A sonic/ultrasonic-assisted method for the compaction and injection of granular slurries and pastes in the subsurface

Abstract

A compaction and/or hydro fracture generation device (10) comprises a compression device (11), a vibration generator device (12) arranged to generate vibrations in the ultrasonic frequency range, and a power source connected to the vibration generator.

Description

This application regards a compaction device for efficient compaction and/or hydro fracture generation.

During the operation of the Badger Explorer, a drill tool of the type described in NO312110, a hole is drilled into a subsurface formation and the waste rock from the drilling process is deposited as a plug behind the advancing tool. Due to dilatancy that occurs when the formation is cut, the volume of the material that must be deposited behind the tool is greater than that which was cut. The waste material must be treated in such a manner that it recovers its original density and/or accommodation space for the expanded volume must be made within the formation.

A similar problem is faced by the mining industry in where mineral ores are removed from the subsurface, processed, and the waste rock is then used to backfill the subsurface tunnels and caverns from which it was excavated.

A similar problem is also encountered in the field of thick slurry injection in which produced solid wastes from hydrocarbon wells are re-injected into subsurface formations.

Simple compression of the waste will expel some of the fluids (liquids and gases) that are present in the pore space, but this will in many cases not be sufficient.

Compaction of mine back-fill using lower frequency vibrating compactors has been performed at surface for the mining industry, and has likely been used subsurface. Densification of surface deposits using an experimental low-power ultrasonic compactor for geotechnical ground improvement has also been reported (Towhata, I., Geotechnical Earthquake Engineering, Springer-Verlag 2008, pp 608).

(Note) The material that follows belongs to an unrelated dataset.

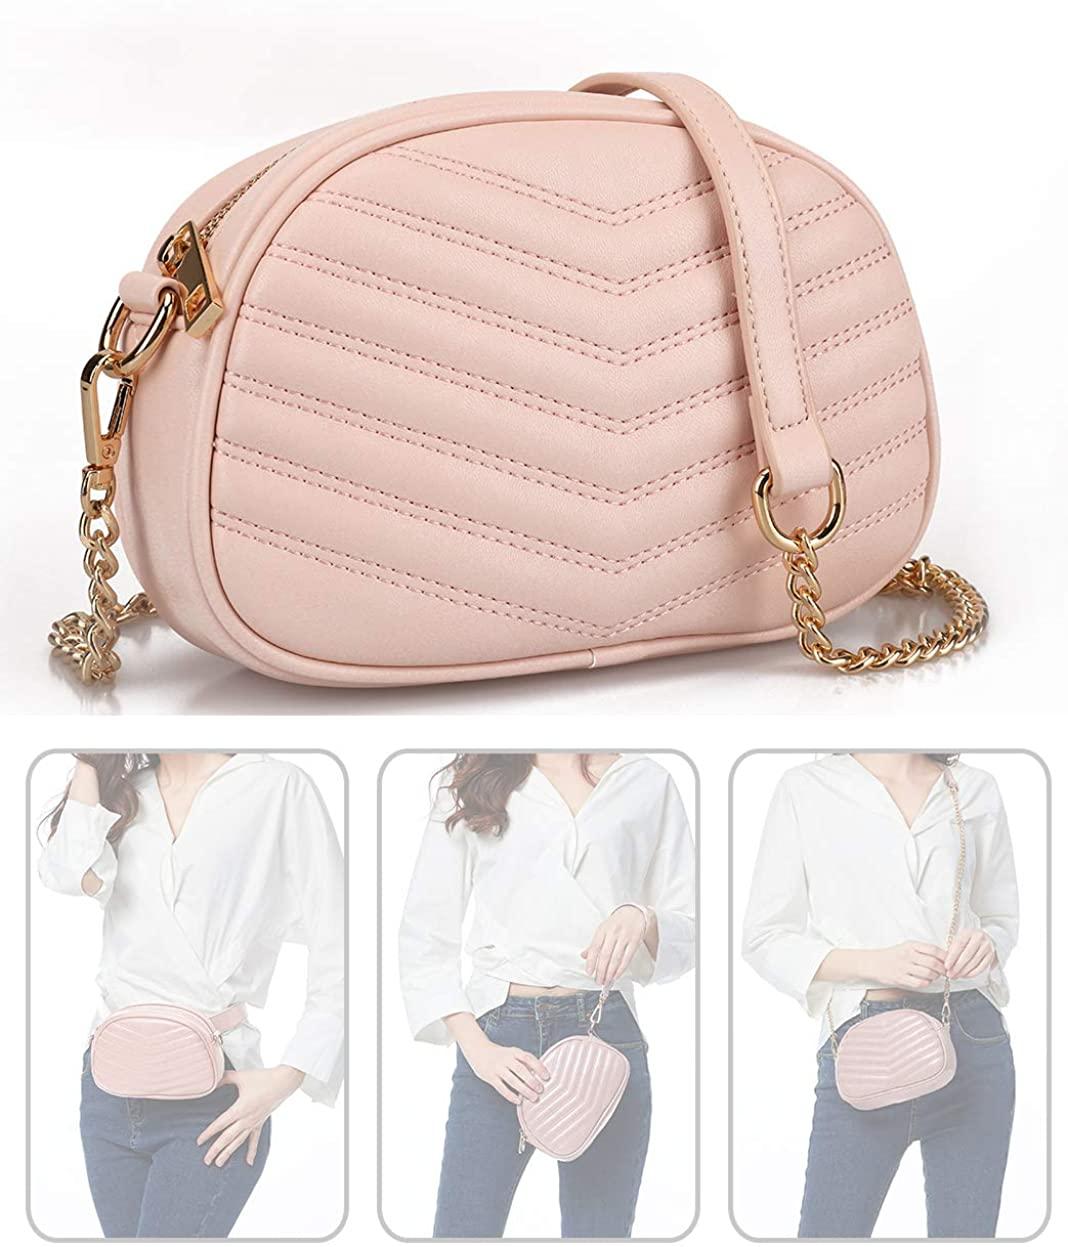 Fashion Waist Bags for Women Adjustable Waterproof Crossbody Satchel Bag Bumbag
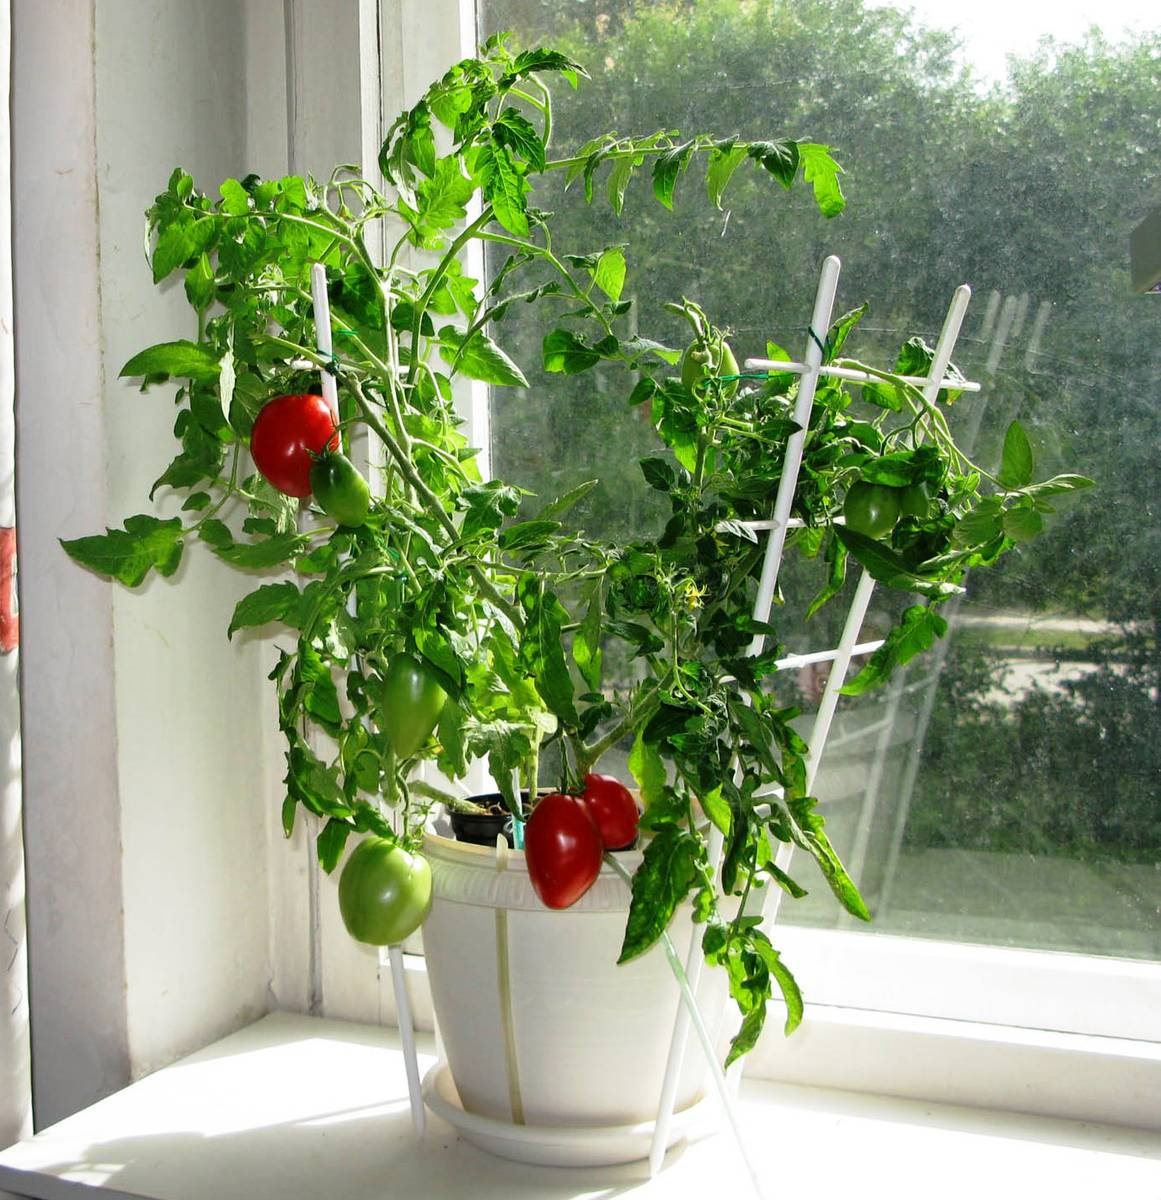 Помидоры черри на подоконнике выращивание и уход, фото и видео

The object of the invention is to provide a device and method for efficient compaction and/or hydro fracture generation which alleviates at least some of the above mentioned problems and challenges.

The object of the invention is achieved by means of the features of the patent claims.

The material which is to be compacted, for example for the applications described above, will in this description be referred to as “paste”. This term is meant to describe any material which is to be compacted or injected, for example in the underground.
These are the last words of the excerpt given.